As will be appreciated by one skilled in the art, aspects of the present inventive subject matter may be embodied as a system, method or computer program product. Accordingly, aspects of the present inventive subject matter may take the form of an entirely hardware embodiment, a software embodiment (including firmware, resident software, micro-code, etc.) or an embodiment combining software and hardware aspects that may all generally be referred to herein as a “circuit,” “module” or “system.” Furthermore, aspects of the present inventive subject matter may take the form of a computer program product embodied in one or more computer readable medium(s) having computer readable program code embodied thereon.
Any combination of one or more computer readable medium(s) may be utilized. The computer readable medium may be a computer readable signal medium or a computer readable storage medium. A computer readable storage medium may be, for example, but not limited to, an electronic, magnetic, optical, electromagnetic, infrared, or semiconductor system, apparatus, or device, or any suitable combination of the foregoing. More specific examples (a non-exhaustive list) of the computer readable storage medium would include the following: an electrical connection having one or more wires, a portable computer diskette, a hard disk, a random access memory (RAM), a read-only memory (ROM), an erasable programmable read-only memory (EPROM or Flash memory), an optical fiber, a portable compact disc read-only memory (CD-ROM), an optical storage device, a magnetic storage device, or any suitable combination of the foregoing. In the context of this document, a computer readable storage medium may be any tangible medium that can contain, or store a program for use by or in connection with an instruction execution system, apparatus, or device.
A computer readable signal medium may include a propagated data signal with computer readable program code embodied therein, for example, in baseband or as part of a carrier wave.
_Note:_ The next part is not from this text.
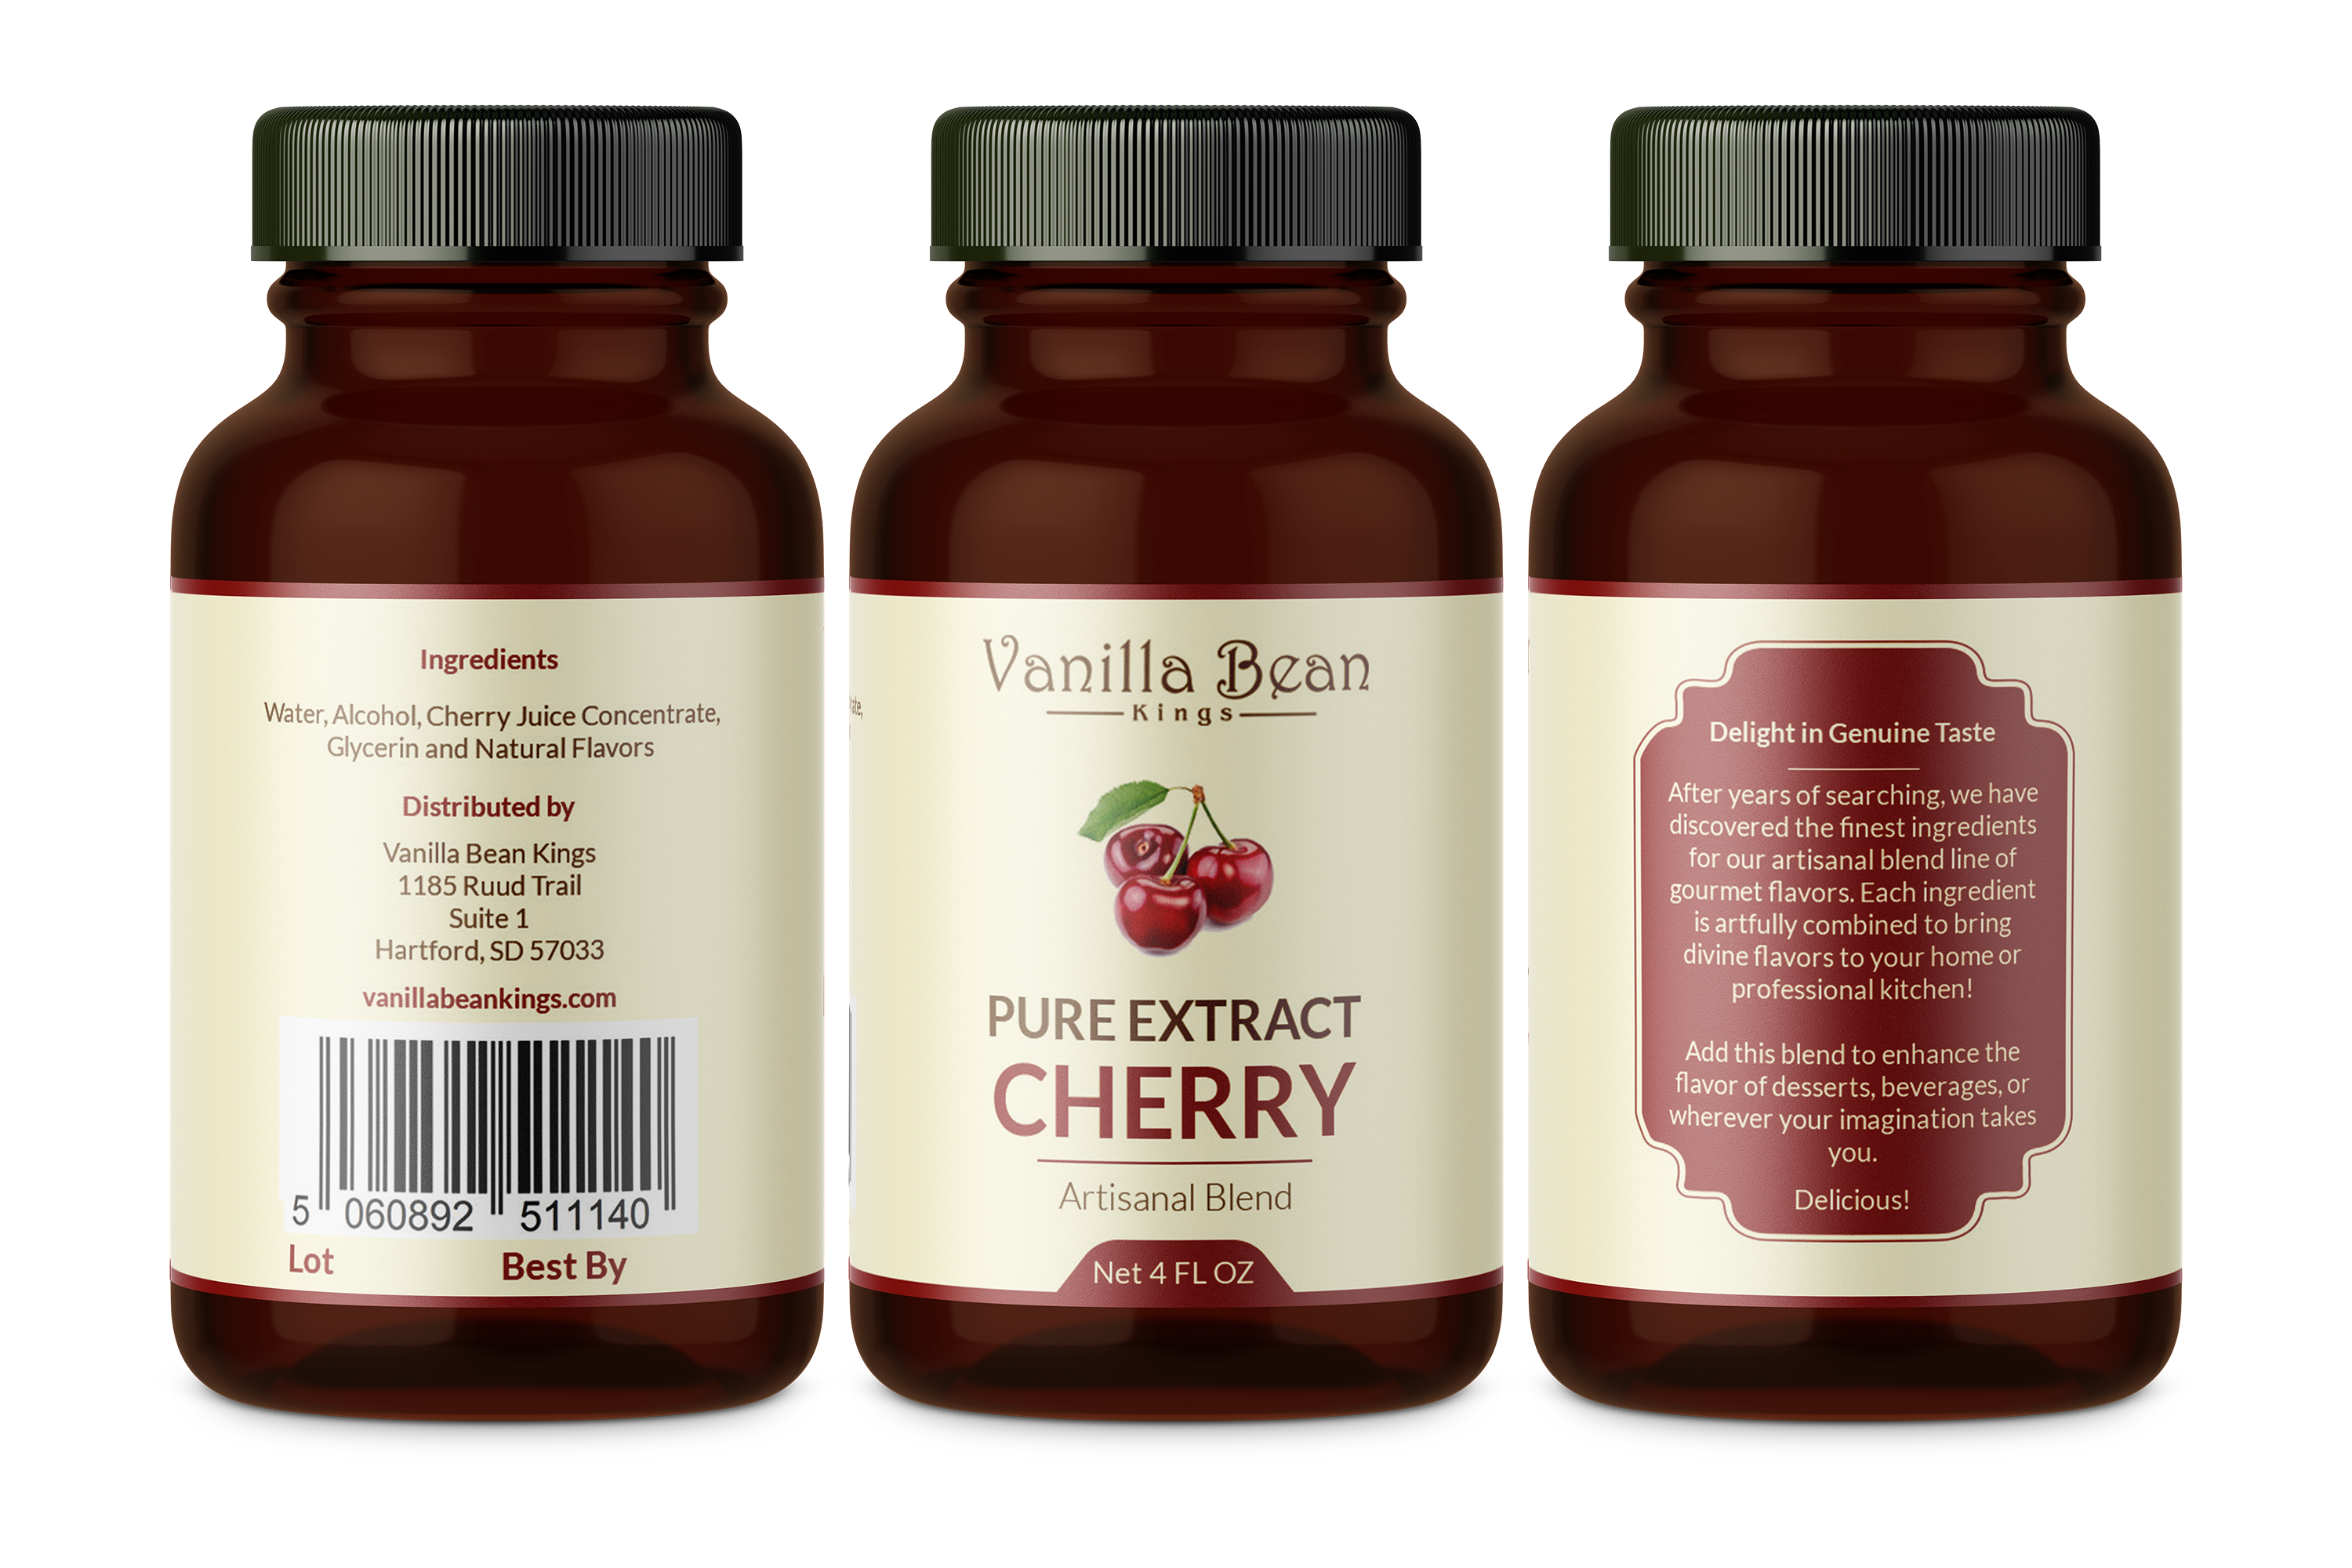 cherry extract 4 oz bottle label
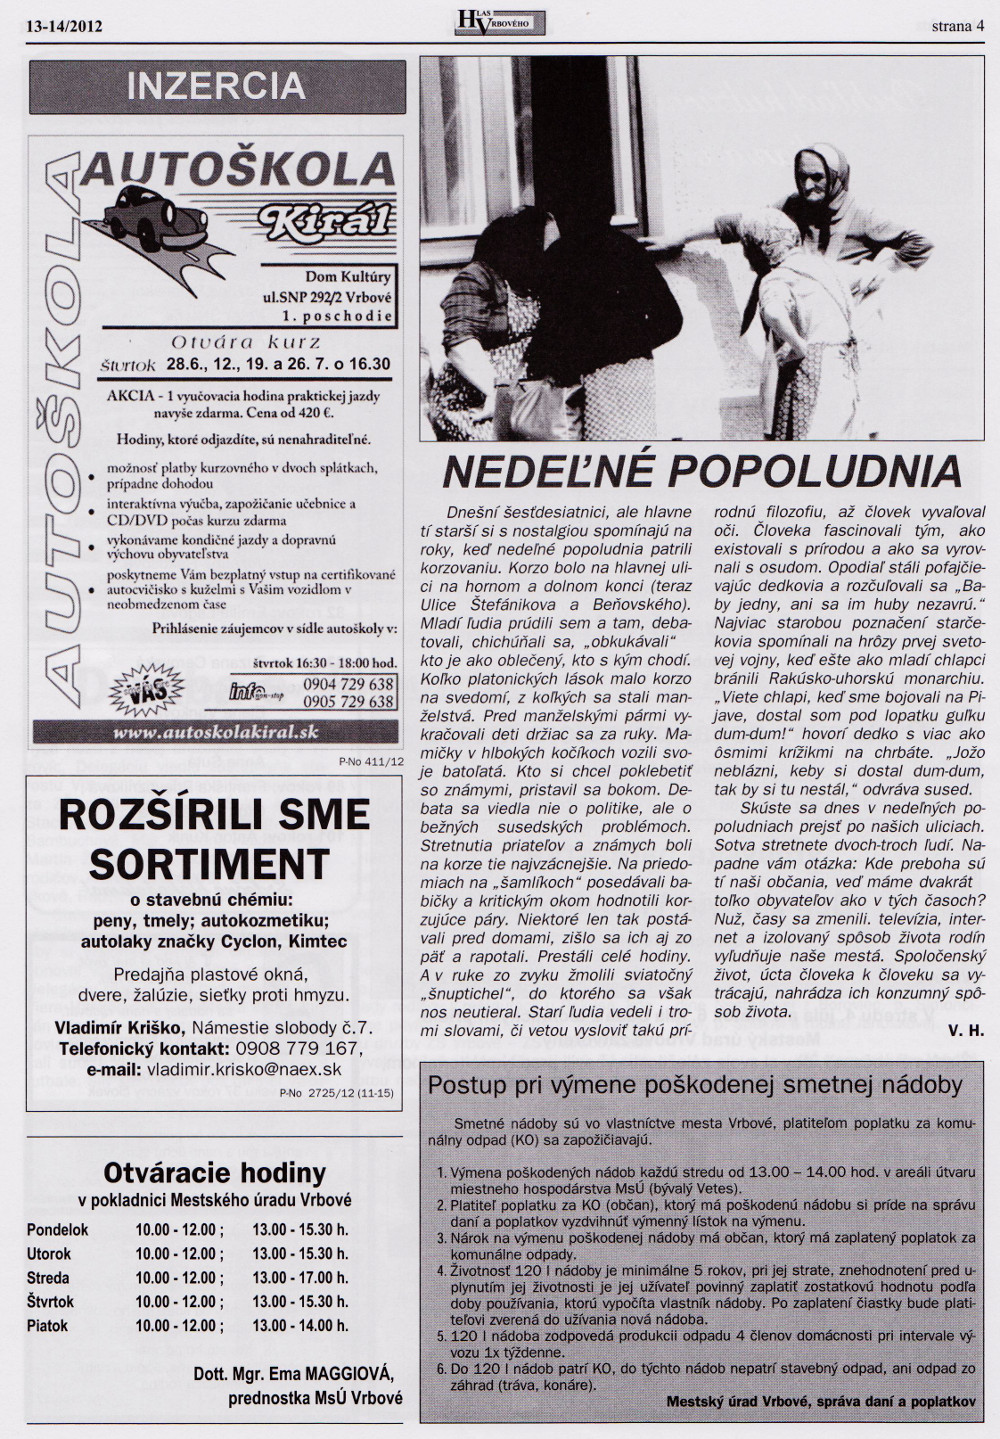 Hlas Vrbového 13-14/2012, strana 4

Such a propagated signal may take any of a variety of forms, including, but not limited to, electro-magnetic, optical, or any suitable combination thereof. A computer readable signal medium may be any computer readable medium that is not a computer readable storage medium and that can communicate, propagate, or transport a program for use by or in connection with an instruction execution system, apparatus, or device.
Program code embodied on a computer readable medium may be transmitted using any appropriate medium, including but not limited to wireless, wireline, optical fiber cable, RF, etc., or any suitable combination of the foregoing.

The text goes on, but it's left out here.